Жизнерадостный, подвижной, Юрченко занимал нас своими разговорами почти всю дорогу. Однако к концу пути и он приуныл, стал беспокойно оглядываться по сторонам, вслушиваться.
После каждого привала все больше пленных оставалось лежать на обочинах дороги. Конвоиры подходили к обессилевшим людям и в упор расстреливали их.
На последнем перегоне силы совсем оставили меня. Мысленно я уже распрощался с жизнью и ждал лишь момента, когда сами подогнутся ноги и рухну на землю. Ни воли, ни ненависти не хватало, чтобы заставить мышцы повиноваться. Почуяв неладное, Виноградов схватил меня под руку и велел то же сделать Юрченко.
- Бросьте, - прошептал я, - все равно мне не дойти, а себя погубите…
- Я тебе брошу, слюнтяй! - зло оборвал меня Виноградов. - Иди и не разговаривай. Ты пленный, но ты в строю. И я, как старший по званию, приказываю тебе. Все!

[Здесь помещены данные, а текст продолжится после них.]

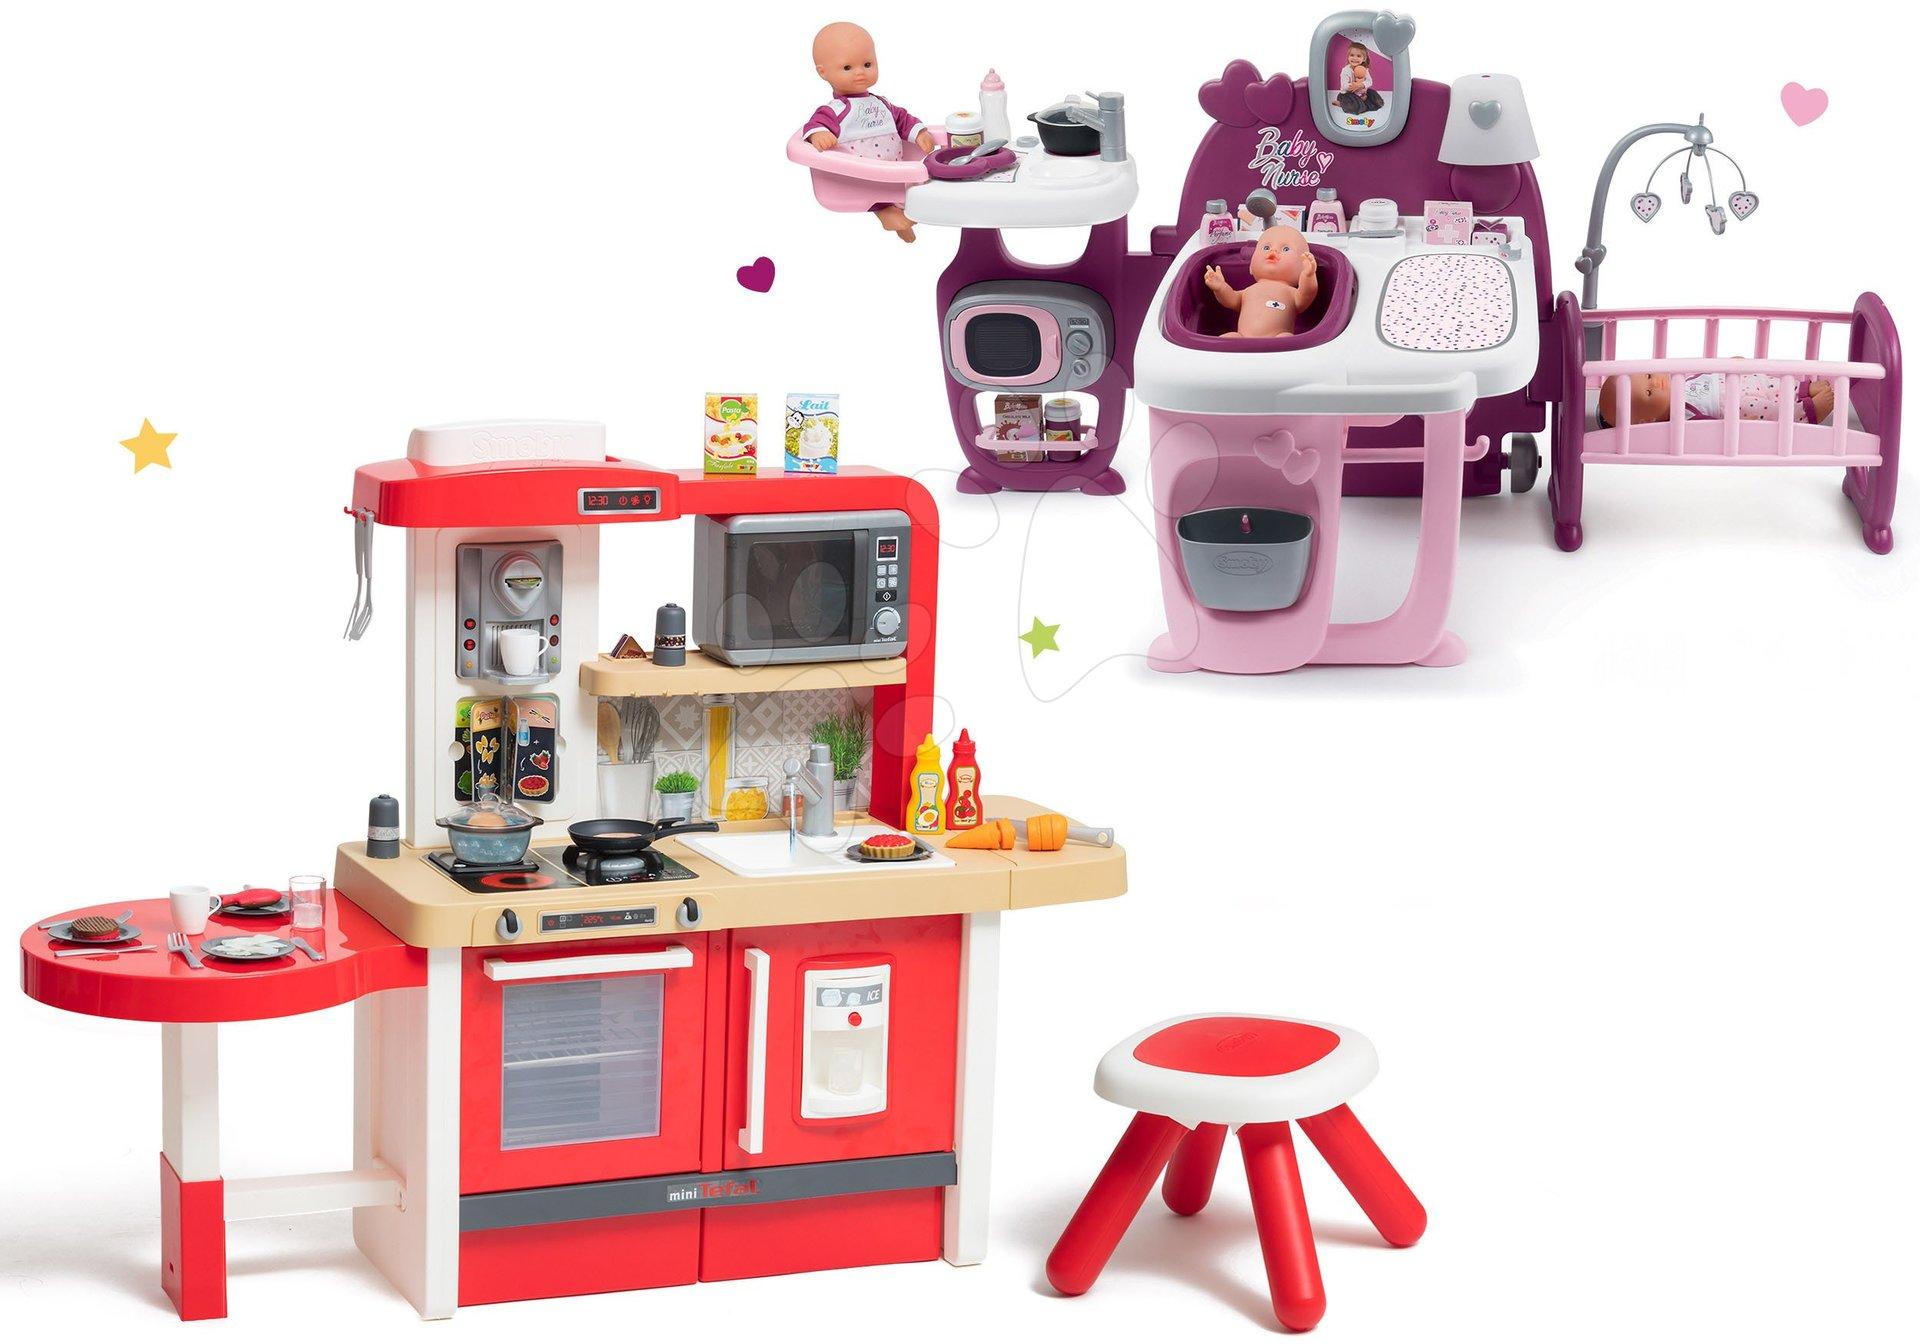 Set kuchynka rastúca s tečúcou vodou a mikrovlnkou Tefal Evolutive Smoby a domček pre bábiku Violette Baby Nurse Large Doll's Play Center
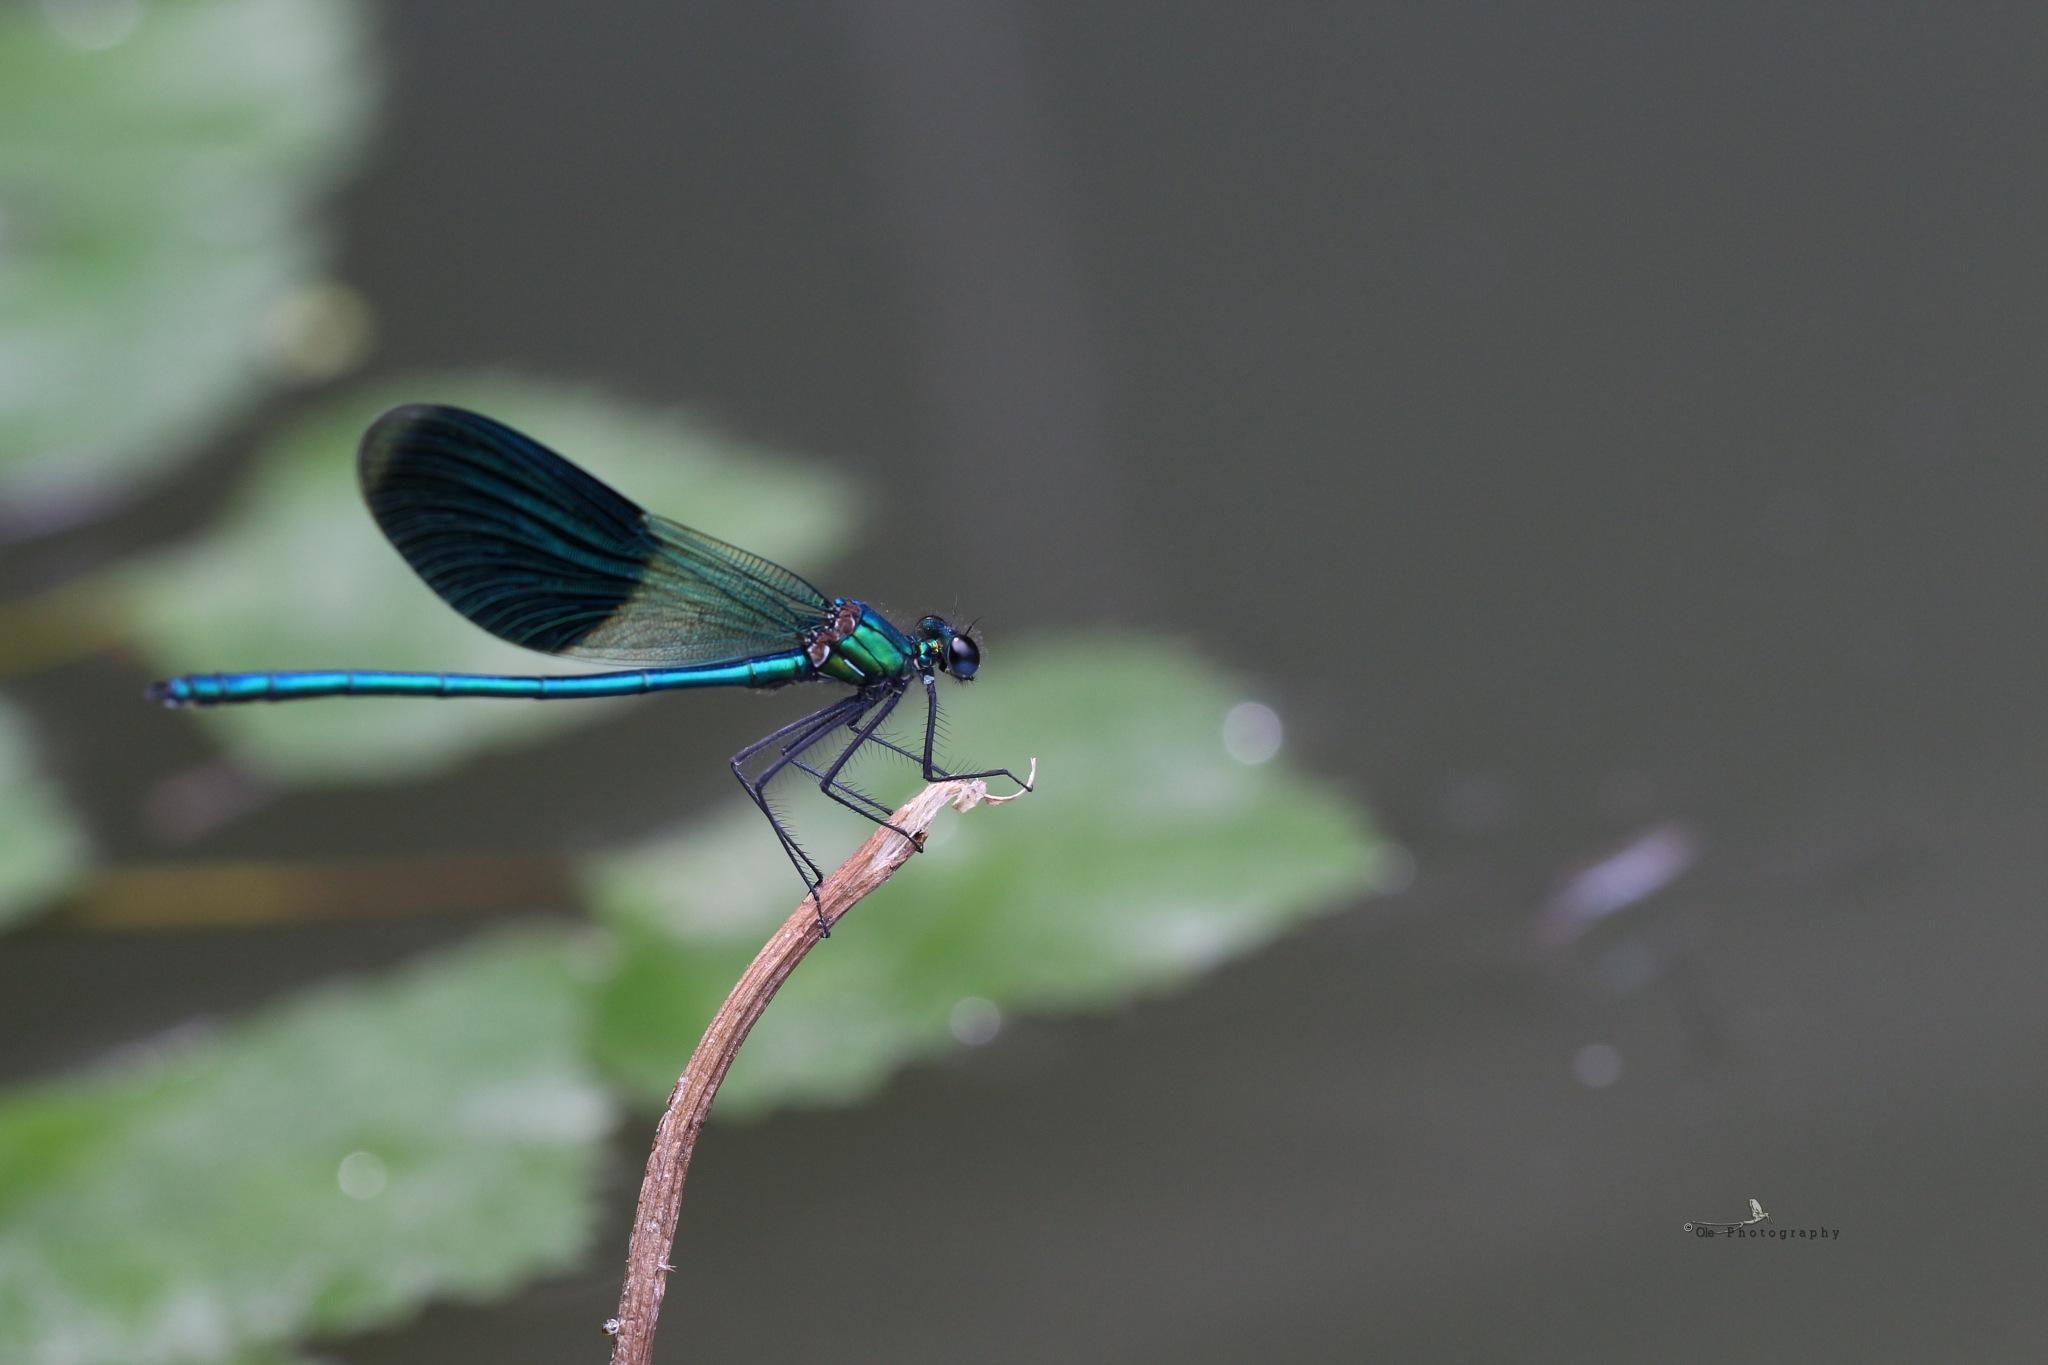 Caleopteryx splendens by OlePhotography

- Что с ним? - забеспокоились наши соседи.
- Давайте с вашим молодцом в самую середку, - посоветовал кто-то, - а то, неровен час, заметят конвоиры.
Нас оттеснили от края колонны в самую гущу пленных. Я бессильно повис на руках друзей. Иногда, [42] приоткрывая глаз, видел вместо Виноградова и Юрченко совсем незнакомые лица.
- Крепись, браток, - подбадривали меня.
Перед Джанкоем я малость ожил и смог уже идти самостоятельно.
- Ну, вот, - заметил Виноградов, - а ты концы собирался отдавать.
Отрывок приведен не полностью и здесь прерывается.